Ministry provides us with a front-row seat to the full range of human experience. One week, you are standing in a sanctuary decorated with flowers, watching a young couple promise forever. The next week, you are in a hospital room where machines hum louder than the conversation. On any given day, you can find yourself at the hospital celebrating a young couple’s first baby being born, feeling the fear and excitement of the days ahead. And in the next moment, you’re standing at a graveside, trying to find words that don’t feel as thin as paper as a family questions how they will even make it through their next moments.

If you stay in leadership long enough, you will walk with people through some of their highest moments and memories—engagements, marriages, new babies, graduations, job promotions—and through some of their darkest nightmares: terminal diagnoses, sudden loss, addiction, betrayal, and divorce. Ministry is tilled through different seasons, and grief is one of those seasons we do not talk about enough.

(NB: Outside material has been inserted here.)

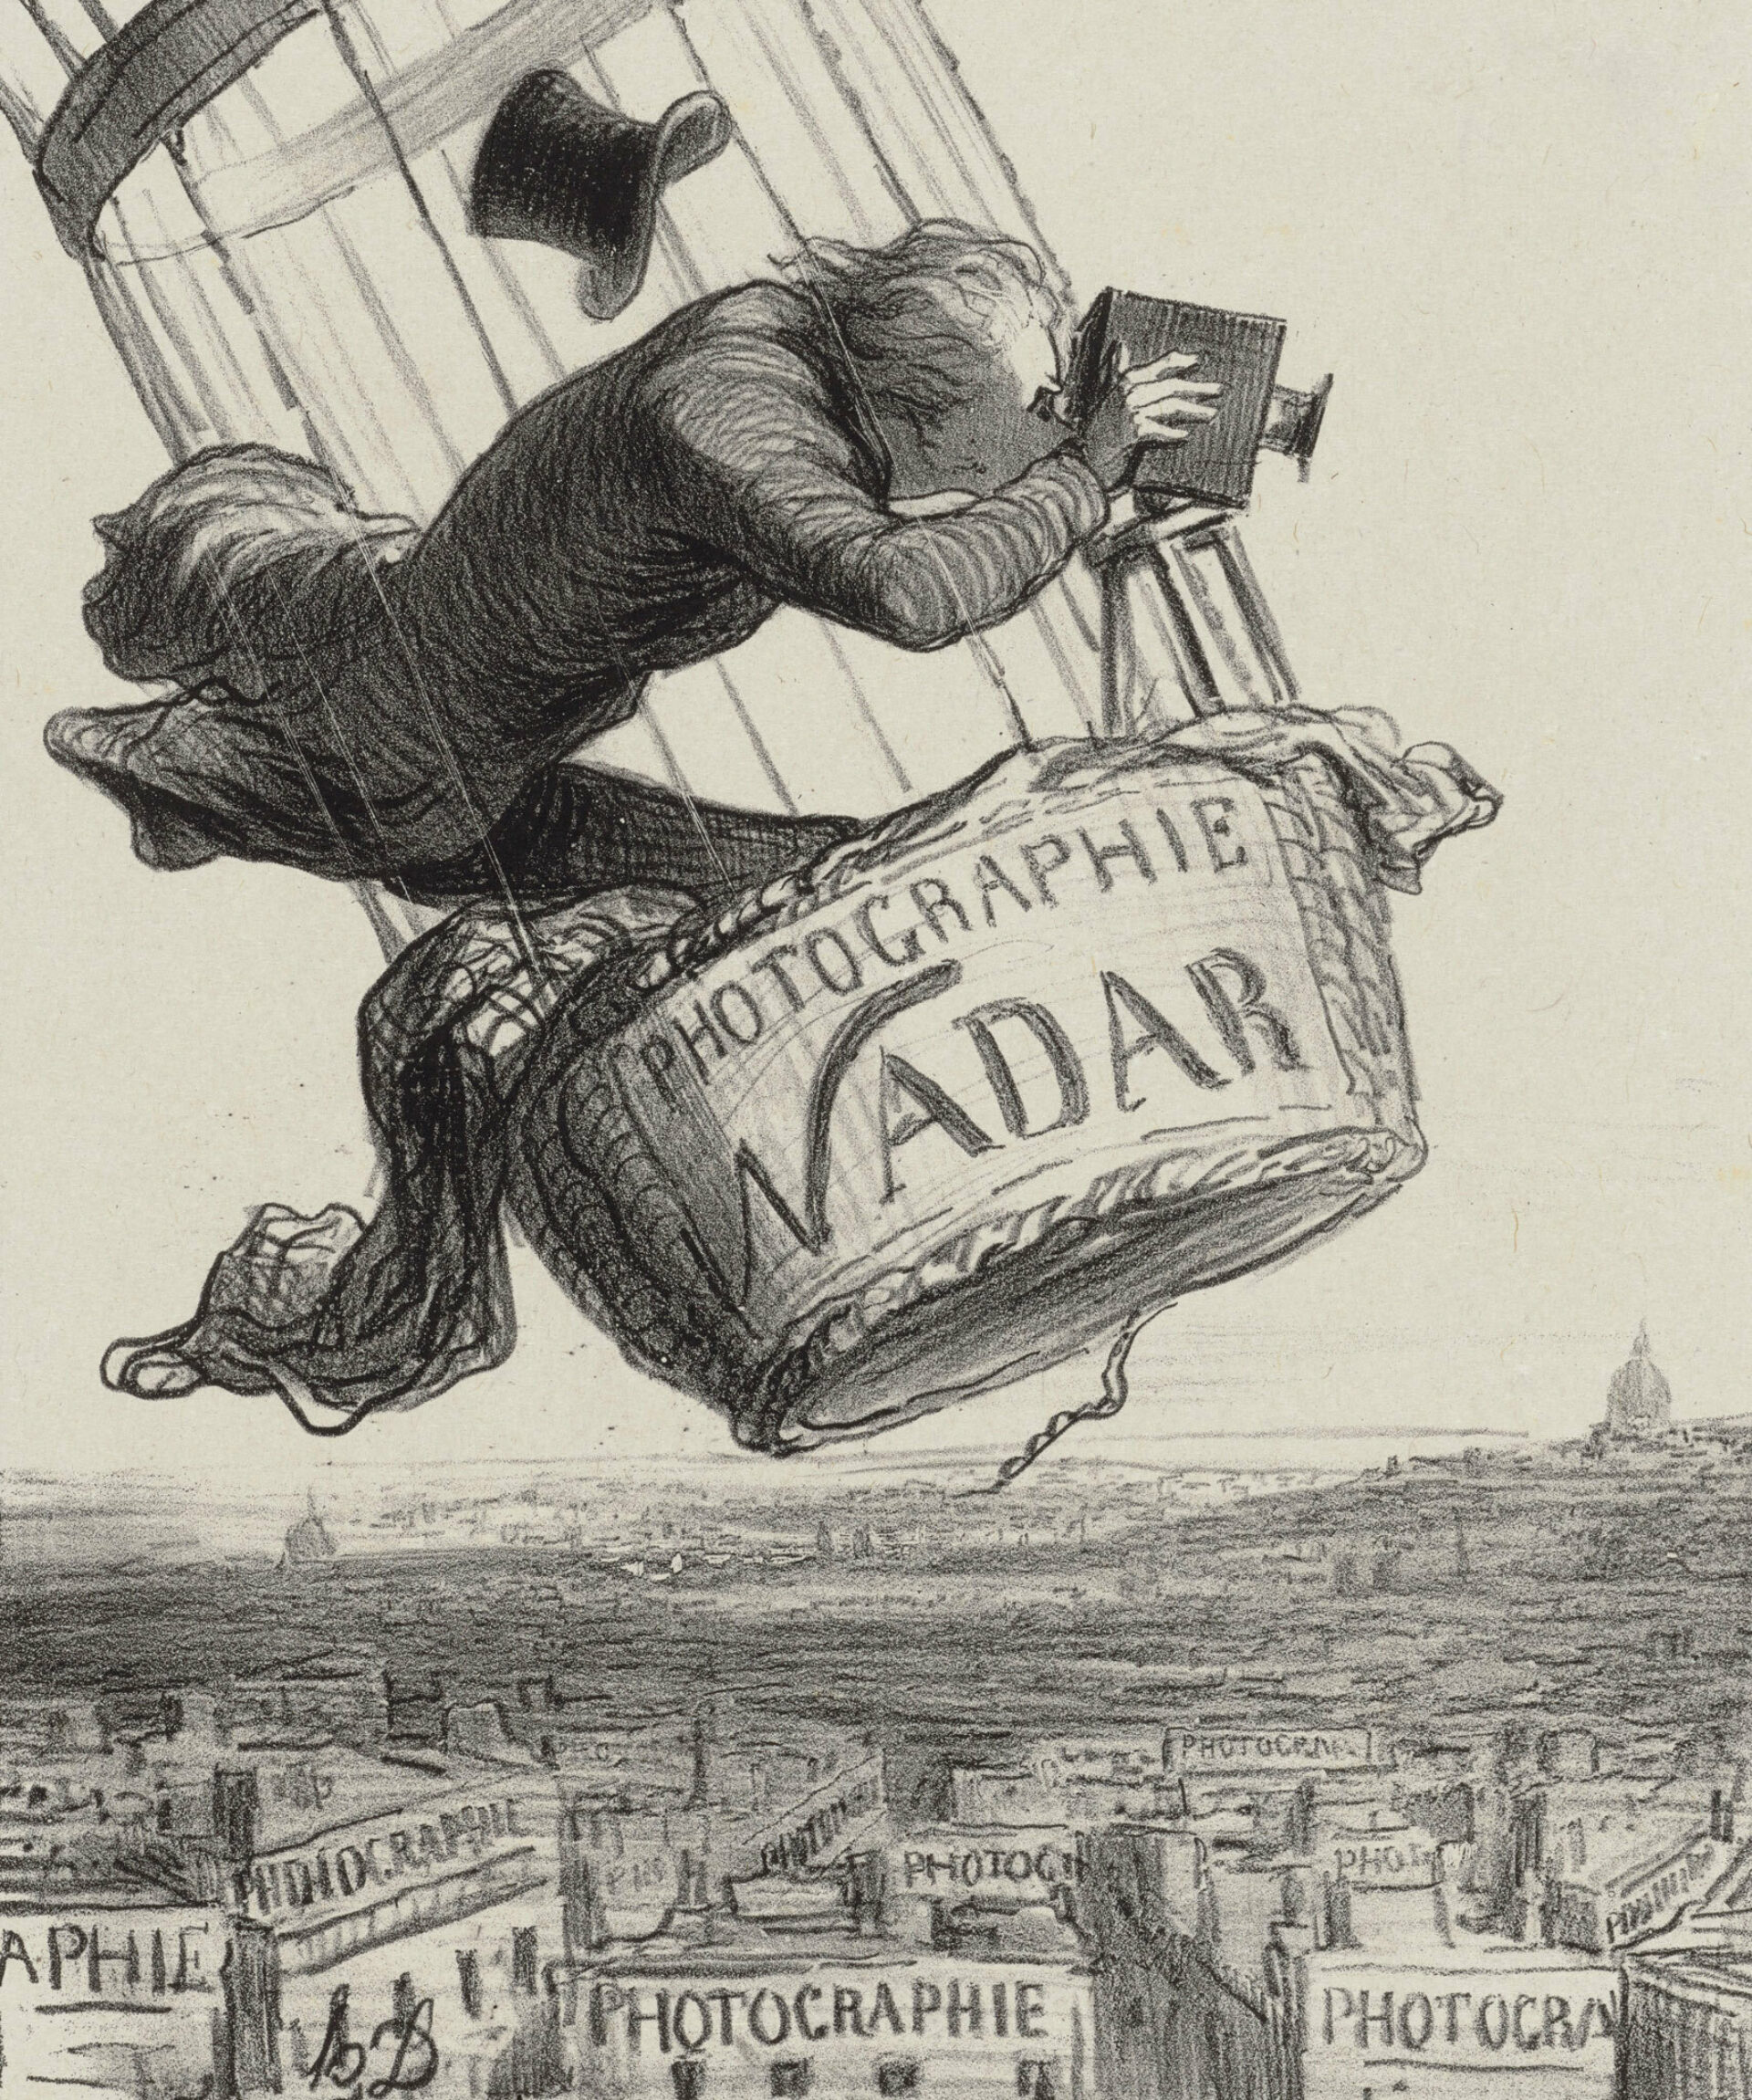 St presse daumier Nadar elevant la photographie a la hauteur de lart 1862

I recently lost a close friend to cancer. She was only 32, and during my own questions and wonderings, it reminded me that we live in a culture that avoids death. We try to run from it with all the modern technologies and efforts at our fingertips. We sanitize it and whisper about it. We treat it as if it is an interruption to “real life,” rather than part of the natural cycle that takes hold of all of us. But Scripture does not avoid it. The apostles wrote about death with startling clarity. They called it an enemy, yes, but a defeated one. They spoke of groaning, longing, waiting, and resurrection hope. A theology of dying is not morbid. It is deeply Christian.